A faithful copy of the listing below is needed, one that contains no pictures.

# [THE DATA]
Segment Open

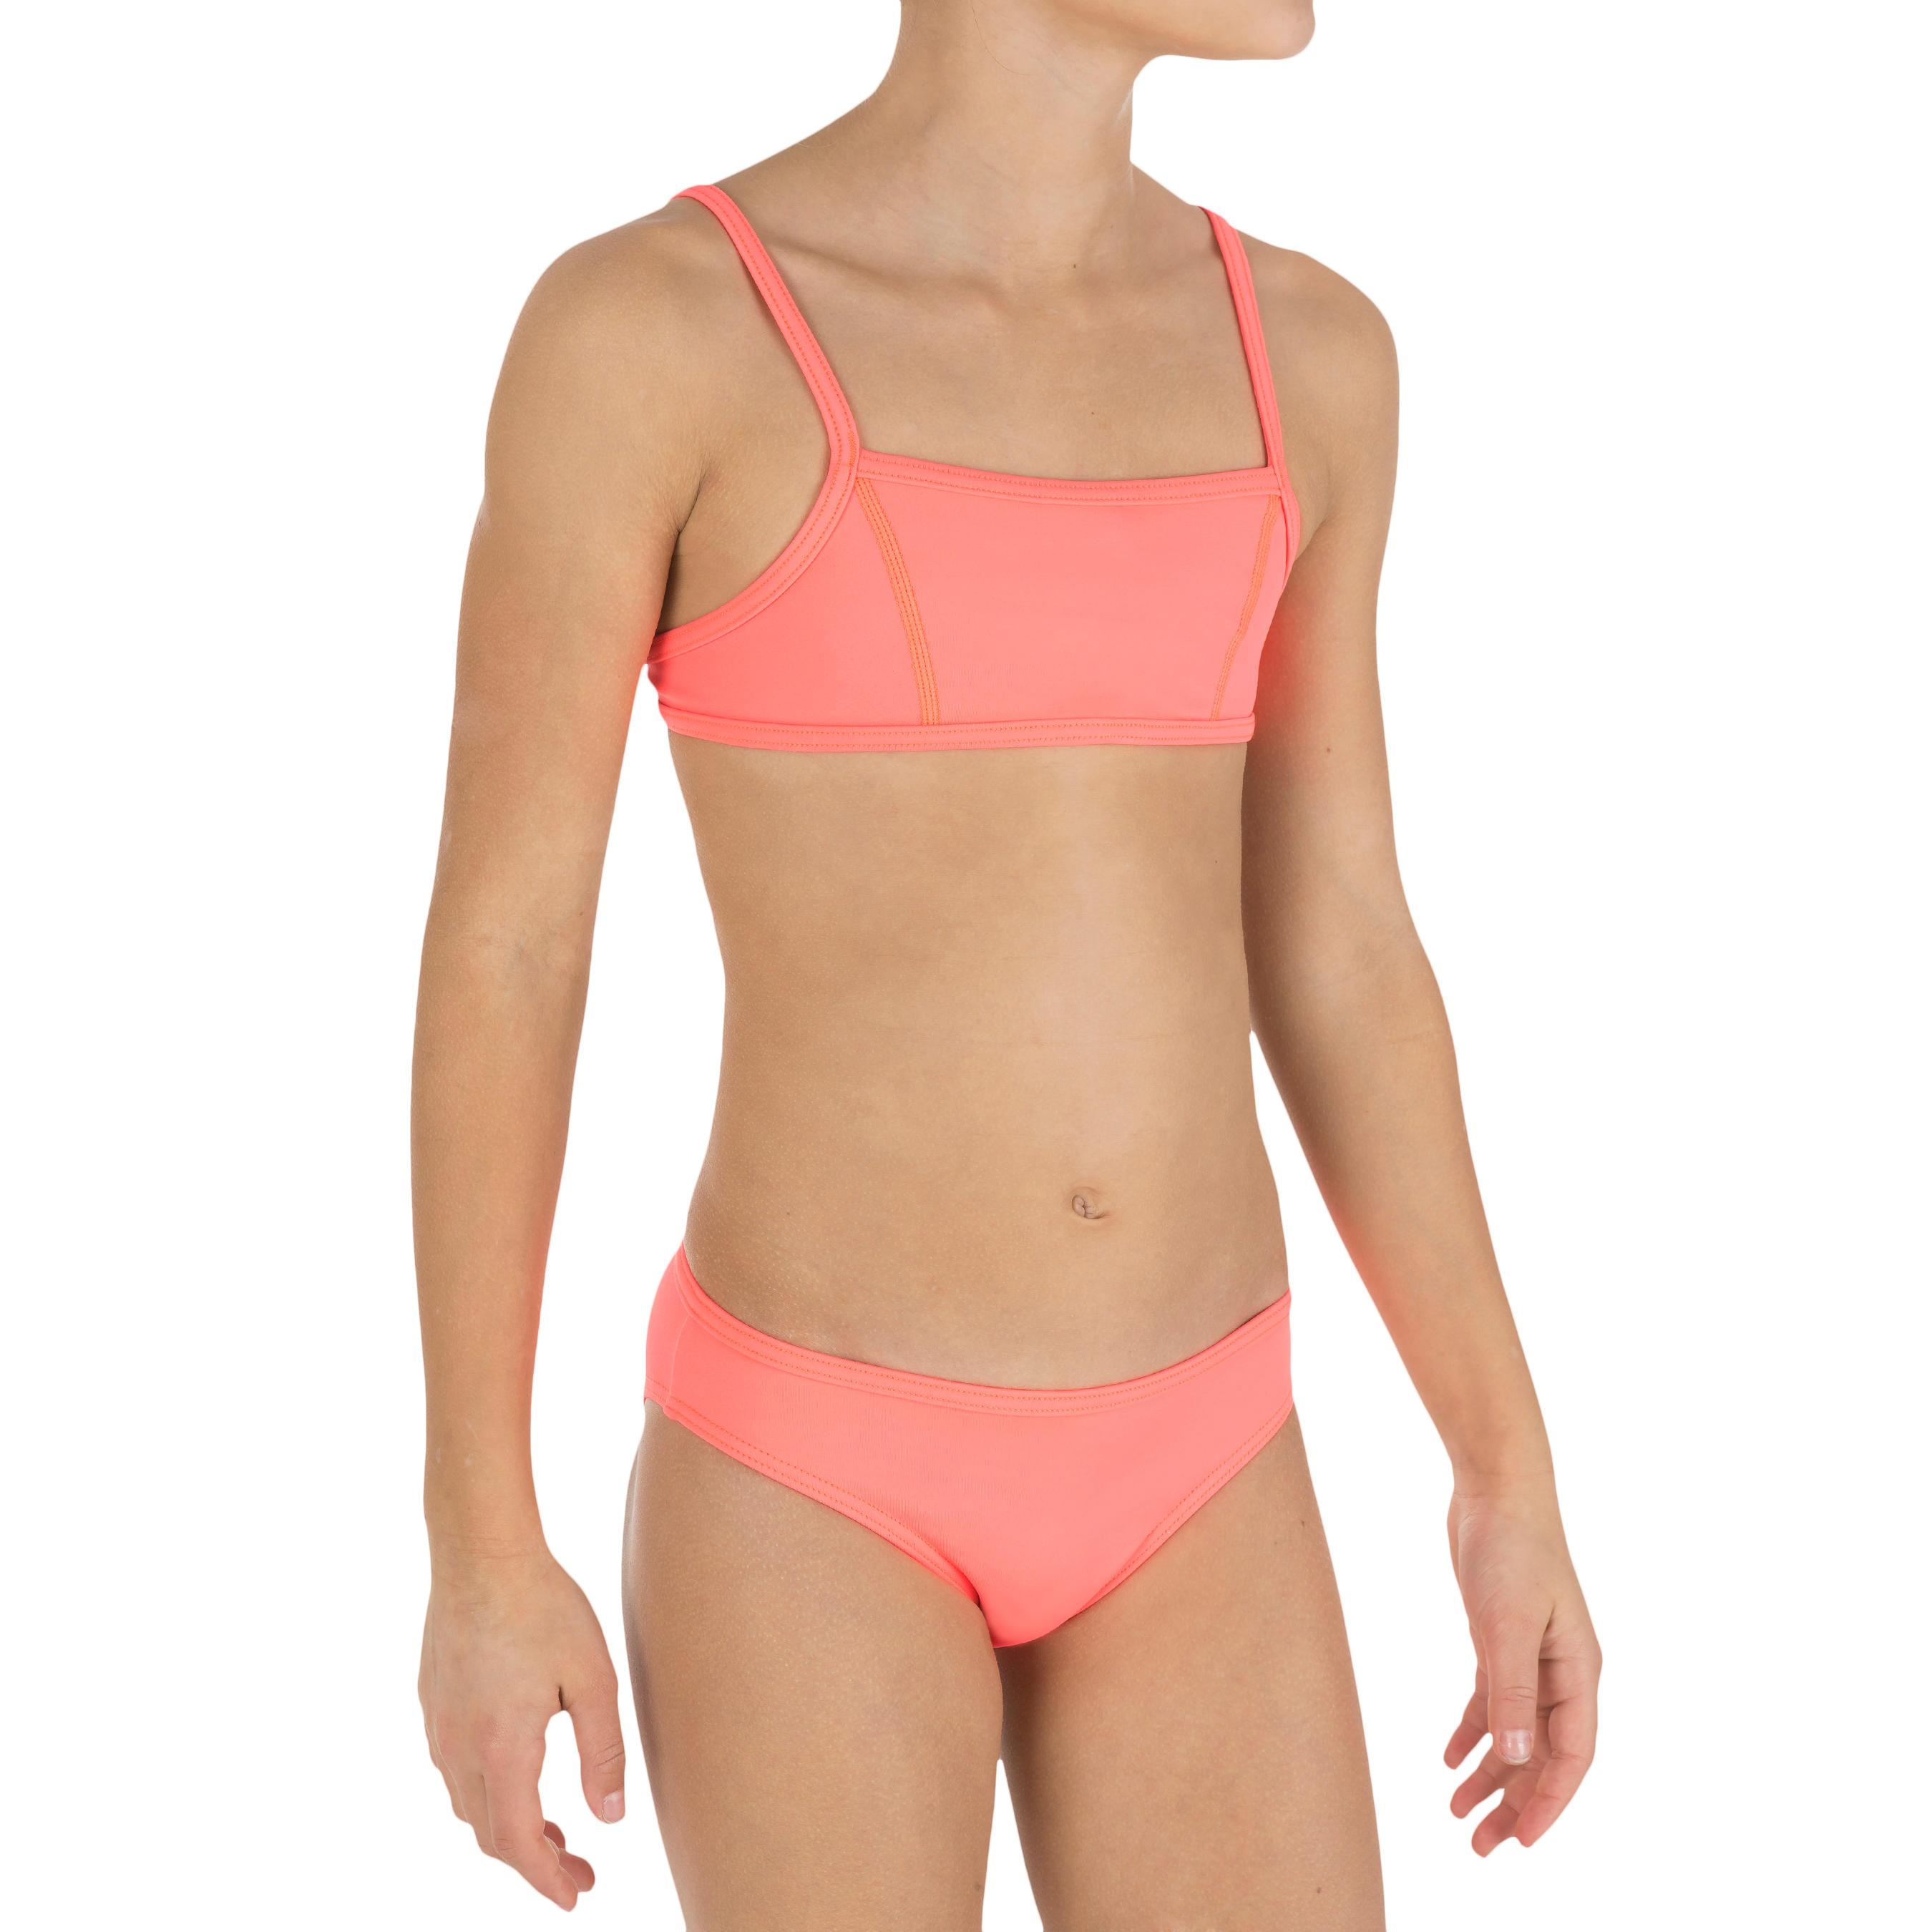 Bikini top-corpiño AG liso Granatina
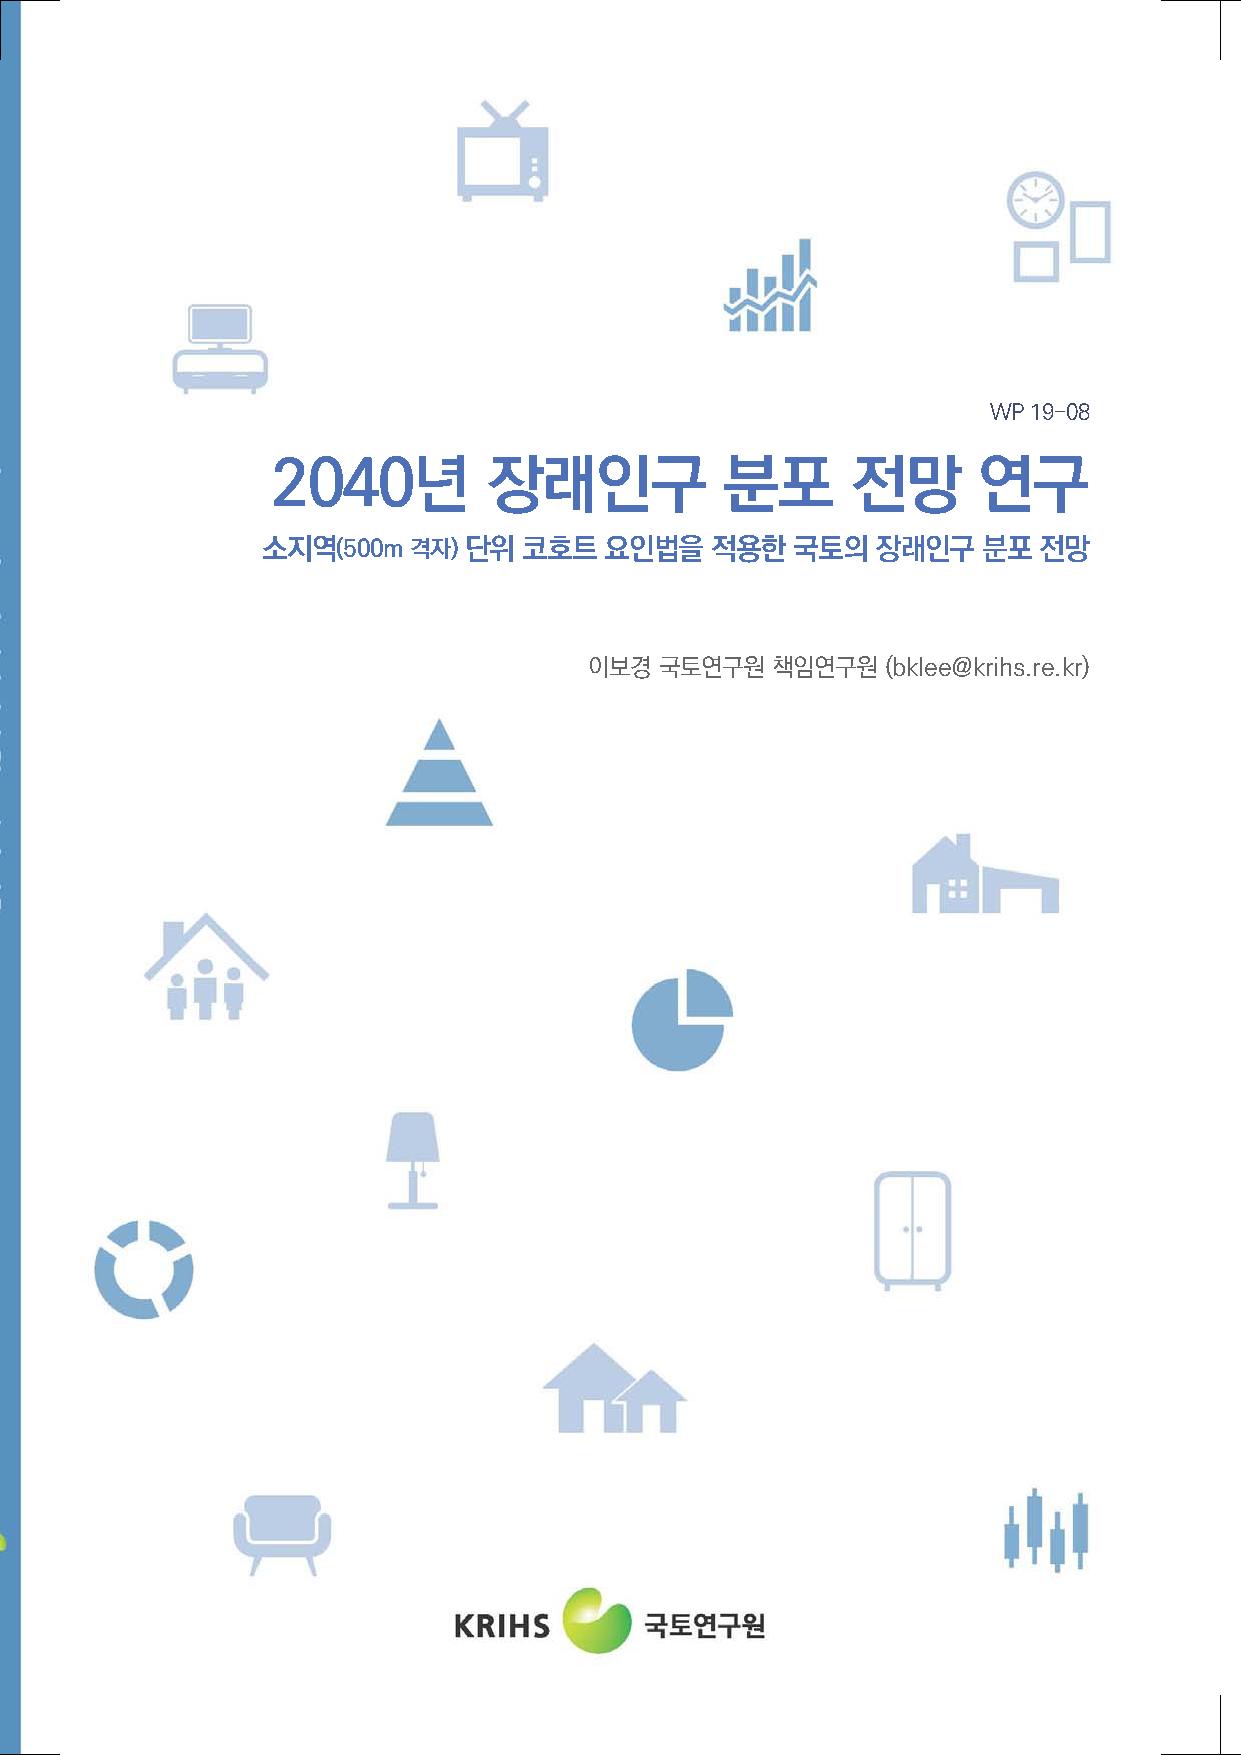 2040년 장래인구 분포 전망 연구: 소지역(500m 격자) 단위 코호트 요인법을 적용한 국토의 장래인구 분포 전망표지
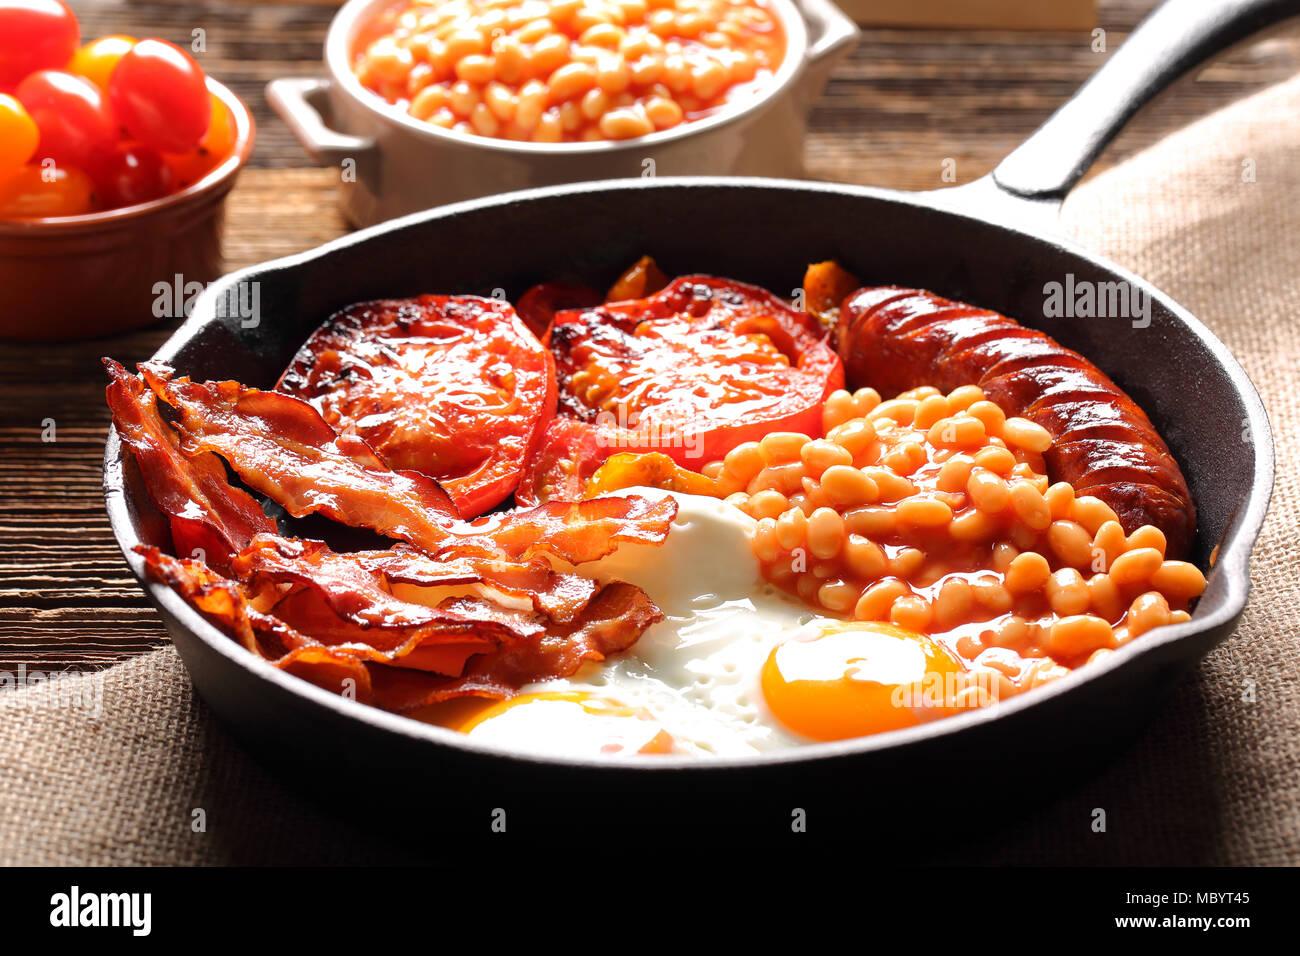 Petit déjeuner anglais avec des saucisses, des tomates grillées, des œufs, du bacon et des haricots sur le poêle. Photo Stock

Segment Closed

# [REPLY]
 Bikini top-corpiño AG liso Granatina
 2040년 장래인구 분포 전망 연구: 소지역(500m 격자) 단위 코호트 요인법을 적용한 국토의 장래인구 분포 전망표지
 Petit déjeuner anglais avec des saucisses, des tomates grillées, des œufs, du bacon et des haricots sur le poêle. Photo Stock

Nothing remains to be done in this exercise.